All lines from the one containing "اشتري قم بشراء" through the end of the material are to be given back exactly, without pictures.

- **Source data**
# # # # #

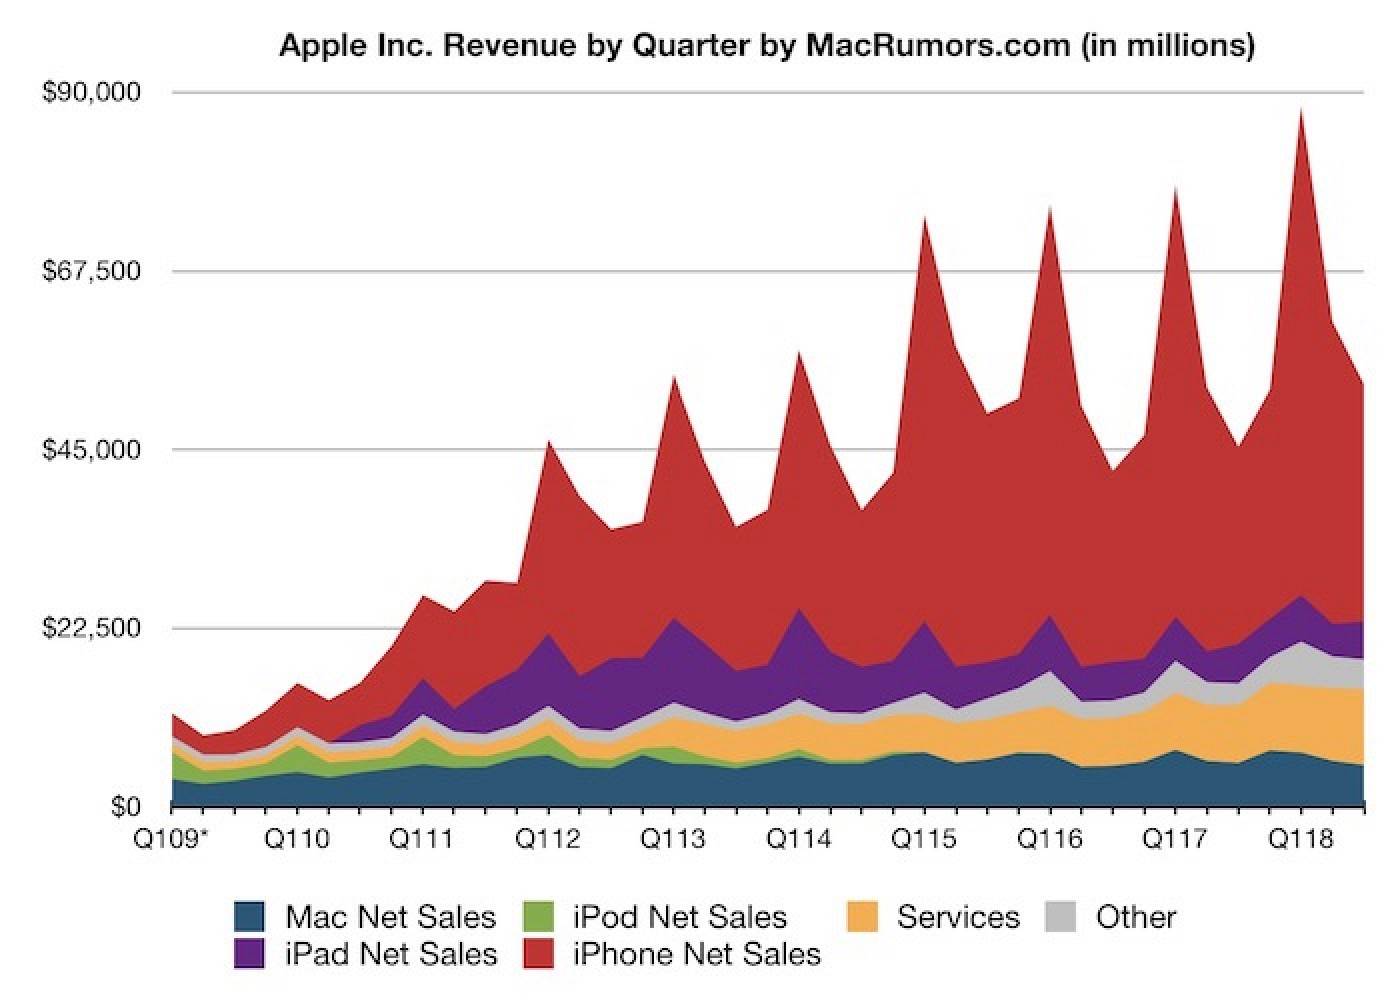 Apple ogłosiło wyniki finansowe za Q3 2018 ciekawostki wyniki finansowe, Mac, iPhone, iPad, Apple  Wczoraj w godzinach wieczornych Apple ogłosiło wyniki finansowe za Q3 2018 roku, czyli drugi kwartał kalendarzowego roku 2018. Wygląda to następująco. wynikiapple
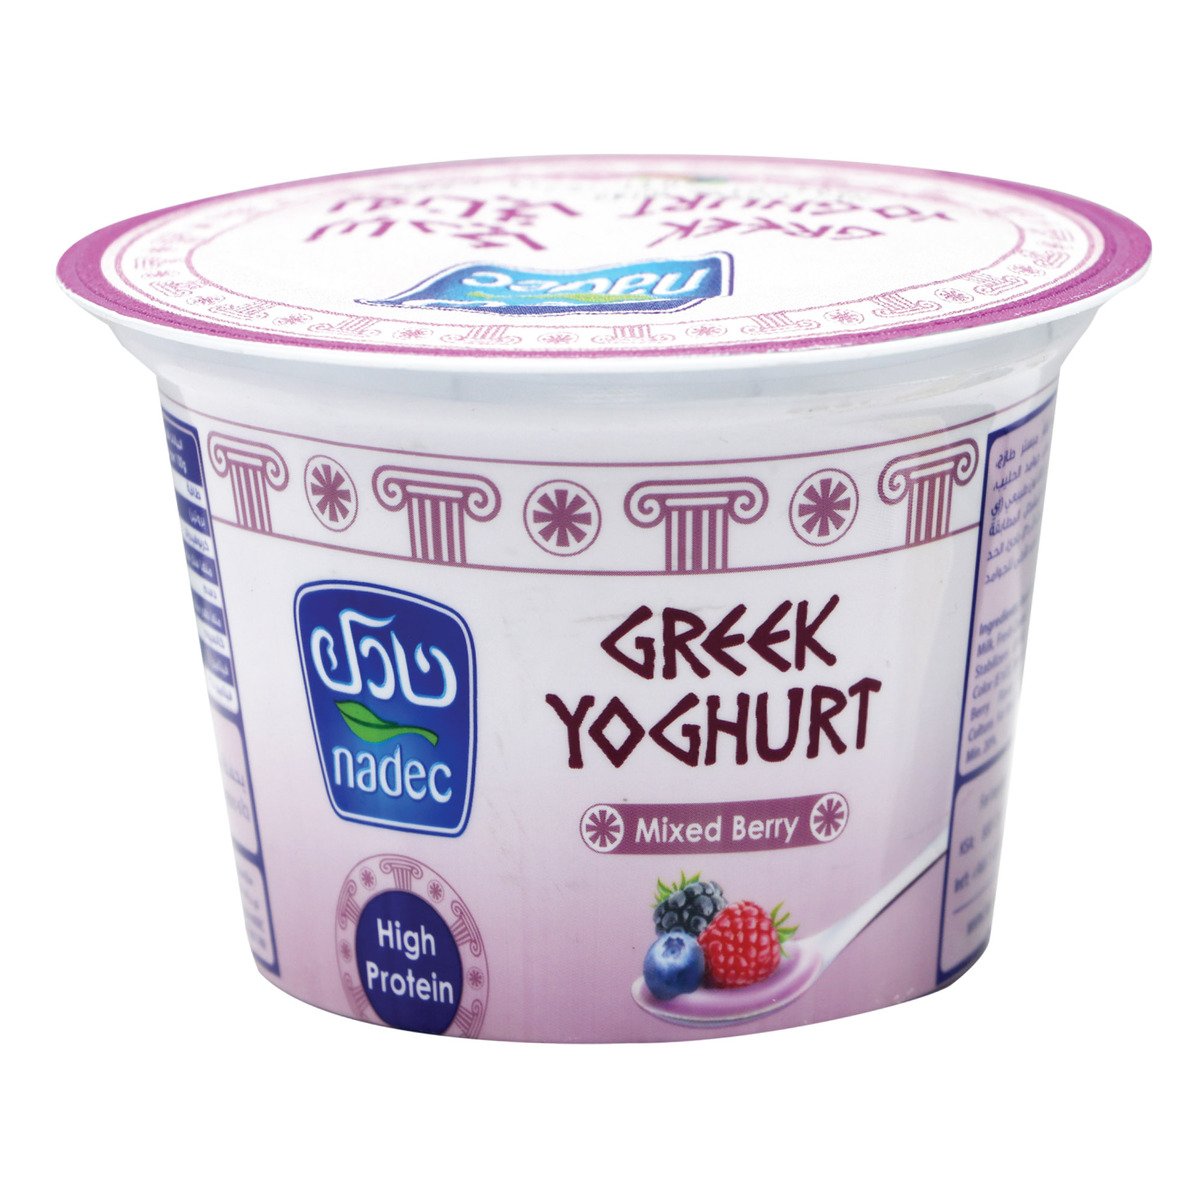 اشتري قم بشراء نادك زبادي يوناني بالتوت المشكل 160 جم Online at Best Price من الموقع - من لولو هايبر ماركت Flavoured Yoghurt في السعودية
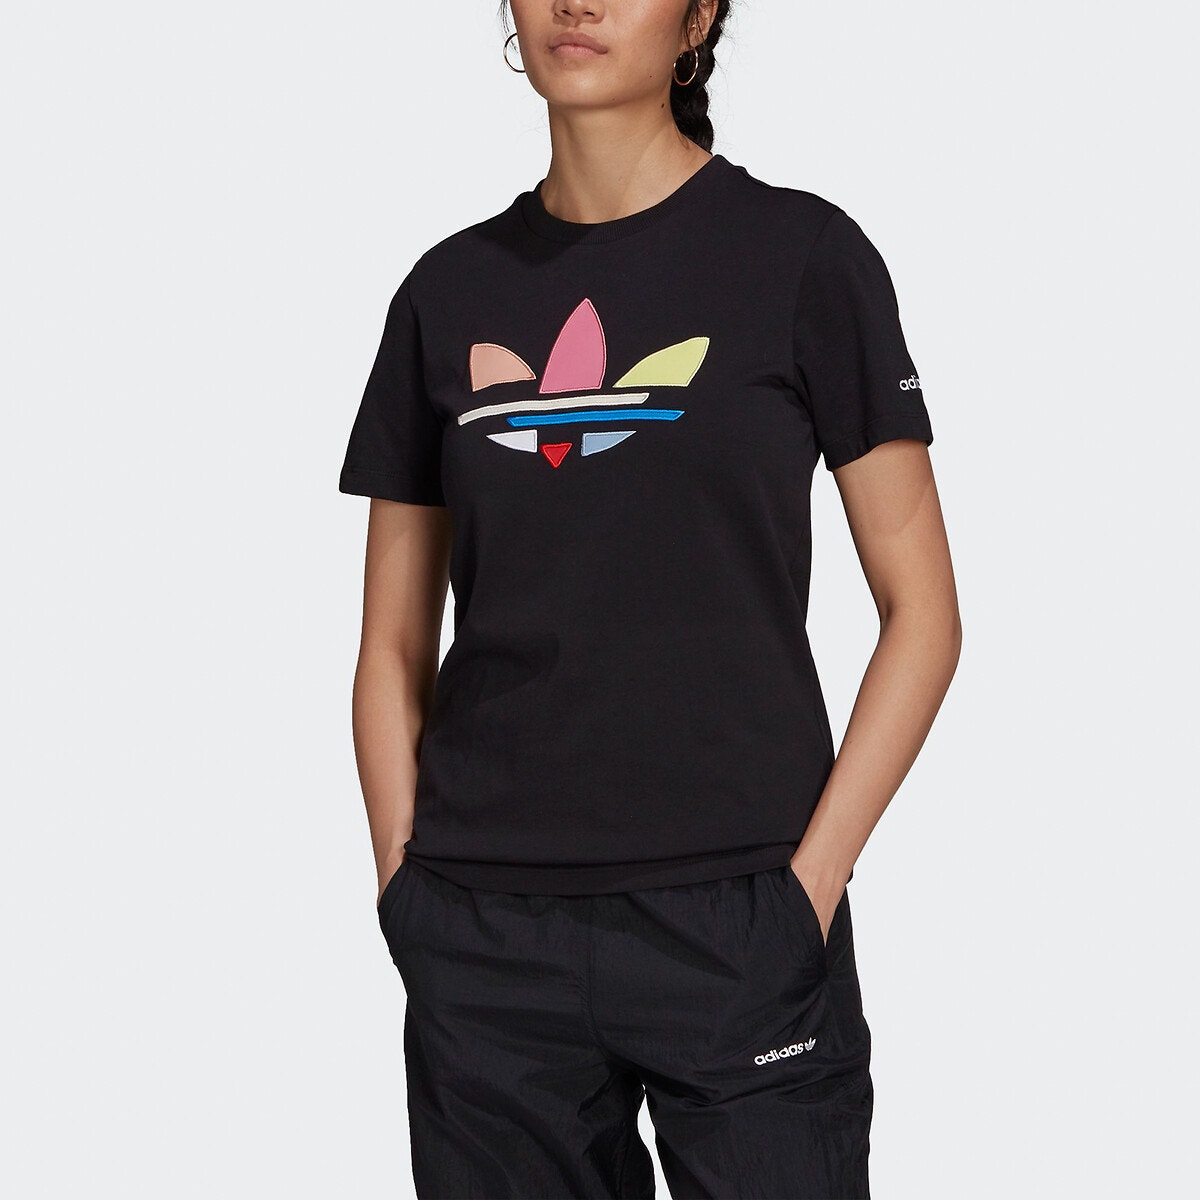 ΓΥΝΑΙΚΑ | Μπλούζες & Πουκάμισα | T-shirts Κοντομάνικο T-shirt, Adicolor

# # # # #

- **Problem solution**
 اشتري قم بشراء نادك زبادي يوناني بالتوت المشكل 160 جم Online at Best Price من الموقع - من لولو هايبر ماركت Flavoured Yoghurt في السعودية
 ΓΥΝΑΙΚΑ | Μπλούζες & Πουκάμισα | T-shirts Κοντομάνικο T-shirt, Adicolor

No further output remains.